Вход/Регистрация
Апокриф Аглаи
вернуться

Сосновский Ежи

Шрифт:

– И вы здесь! – воскликнула, глядя на него, пани Т. – Как мило, что вы вышли в свет, надо, надо, пан Збышек, бывать среди людей.

– Пан Адам, – машинально поправил он ее и, чтобы не видеть ее смущения, с глубоким поклоном подхватил ее протянутую руку.

– Ах, извините, пан Адам. Здравствуйте еще раз. – И Адам с веселым удивлением почувствовал, что она целует его в лоб. – Вот видите, к чему приводит то, что мы так редко видимся. Кстати, место в группе уже за вами или пока еще нет?

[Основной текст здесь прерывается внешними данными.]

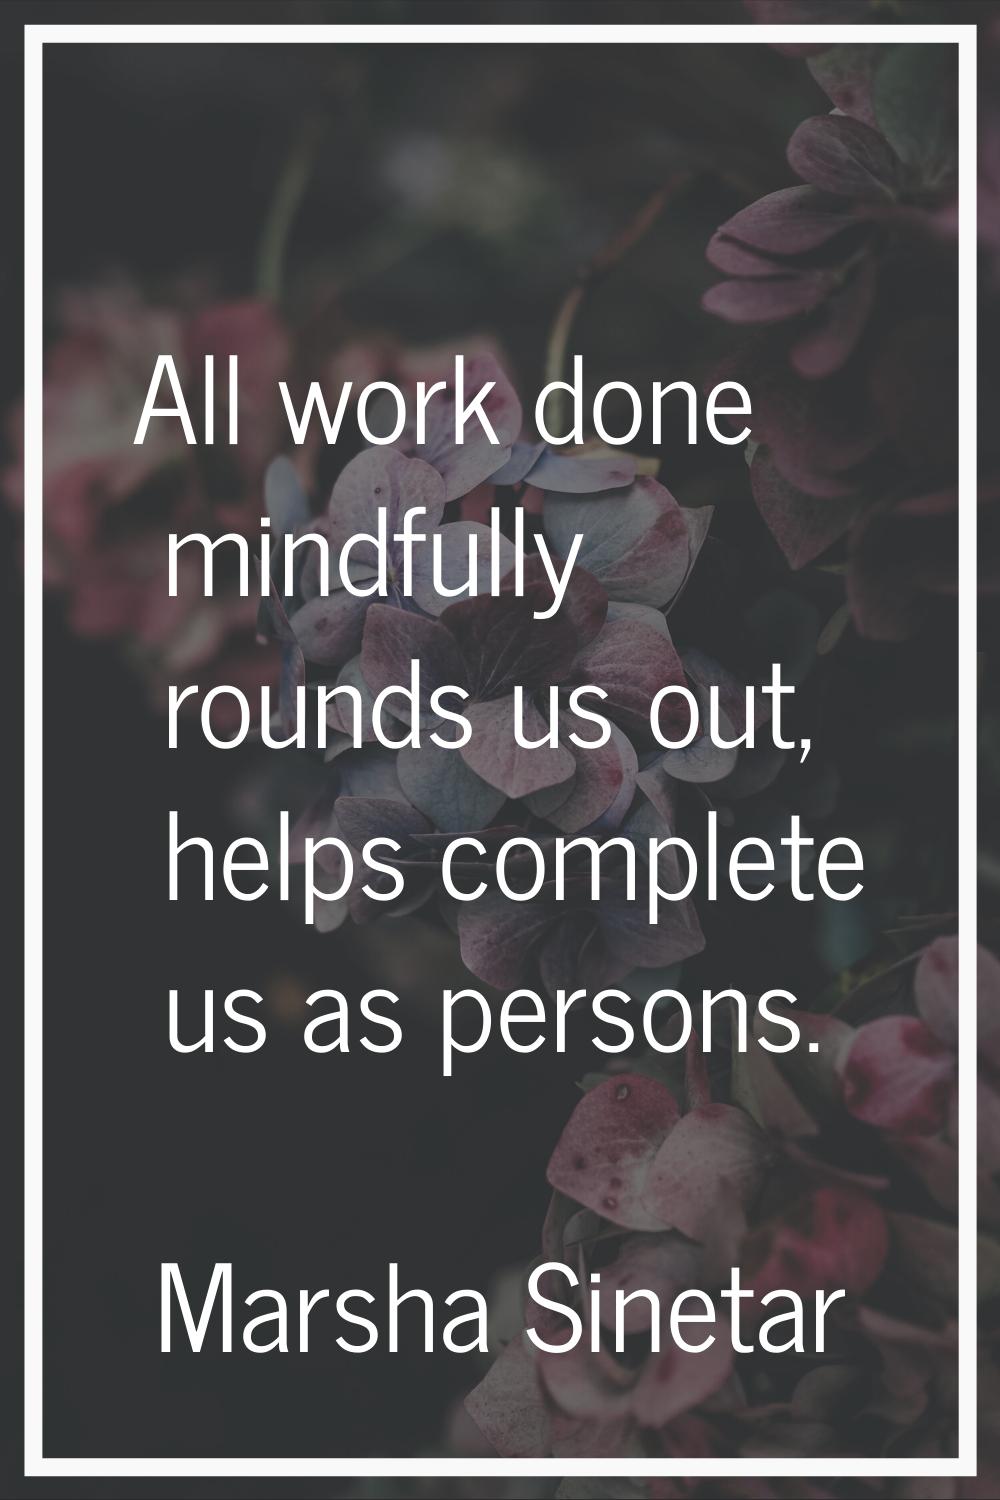 All work done mindfully rounds us out, helps complete us as persons.

Черноволосая девушка смотрела на эту сцену со стороны; Адам, ведя какой-то необязательный разговор, все время помнил об этом. Сперва он надеялся, что пианистка скажет что-нибудь такое, чтобы девушка заинтересовалась им, например, вспомнит о его выдающихся способностях, одним словом, косвенно представит его. Но они с пани Т. прекрасно знали, чем оба занимаются, и трудно было ожидать, что он, как в скверном фильме, услышит что-нибудь вроде: «А ведь вы, пан Клещевский, подаете большие надежды как исполнитель Шопена». Так что ничего подобного не произошло, только подошел Владек.

– А, так вы знакомы, – бросил он и уже уходил с пани Т., чтобы представить ей кого-то, кто хотел, как выразился он, «выразить свое восхищение», но вдруг та девушка, по-прежнему сидящая, на оградке, бросила:

– Владек, а кто этот красавчик?

Адам почувствовал, что ему становится еще жарче, так как она явно смотрела на него.

3

– И вот мы стоим напротив друг друга, и Владек точно так, как мне и хотелось, рассказывает обо мне, и из его слов следует, что я являюсь наследником Малцужиньского, Рубинштейна и Падеревского, [43] вместе взятых. Я машинально пробормотал текст, какой обычно говорю в таких случаях, и Владек отвалил. Она протянула мне руку, в ее жесте поначалу была какая-то хищность, которая смягчалась, по мере того как ее ладонь сближалась с моей, и в конце, когда они соприкоснулись, превратилась в кошачью мягкость. Думаю, если бы не алкоголь, который в тот момент как-то немного успокоил меня, я не смог бы и двух слов связать, потому что вблизи она была еще более возбуждающей, чем мне показалось сначала; возможно, причина была в аромате, а был он очень сильный; вернее, то была целая комбинация запахов, я даже не могу тебе ее описать; сейчас мне кажется, что там среди прочих был и запах ванили, хотя нет, ваниль была позже; в любом случае эффект был такой, как если бы в детскую комнату внезапно вошла фея из «Пентхауза»: нечто небывало мягкое и в то же время страшно непристойное. «Лавана на смерть инфанты», [44] перемешанная с каким-то бордельным мотивчиком. У нее были резкие черты, маленький, чуточку птичий нос, и вообще она производила впечатление красивой волшебницы, чтобы не сказать – красивой ведьмы, вот только мягкость, с которой она говорила со мной, я воспринимал как милость. Она расспрашивала меня о работе, о музыке; было видно, что музыки она не знает, однако слушала она меня безумно внимательно; а с глазами ее происходило что-то вообще невероятное: чуткий взгляд, зрачки, пульсирующие после каждого слова, и изменение цвета радужной оболочки – понимаешь, я знал, что это невозможно, и потому был убежден, что мне это чудится.

43

Малцужиньский Витольд (1914–1977), Рубинштейн Артур (1887–1982), Падеревский Игнацы Ян (1860–1941) – выдающиеся пианисты польского происхождения.

44

Фортепьянная пьеса французского композитора Мориса Равеля (1875–1937).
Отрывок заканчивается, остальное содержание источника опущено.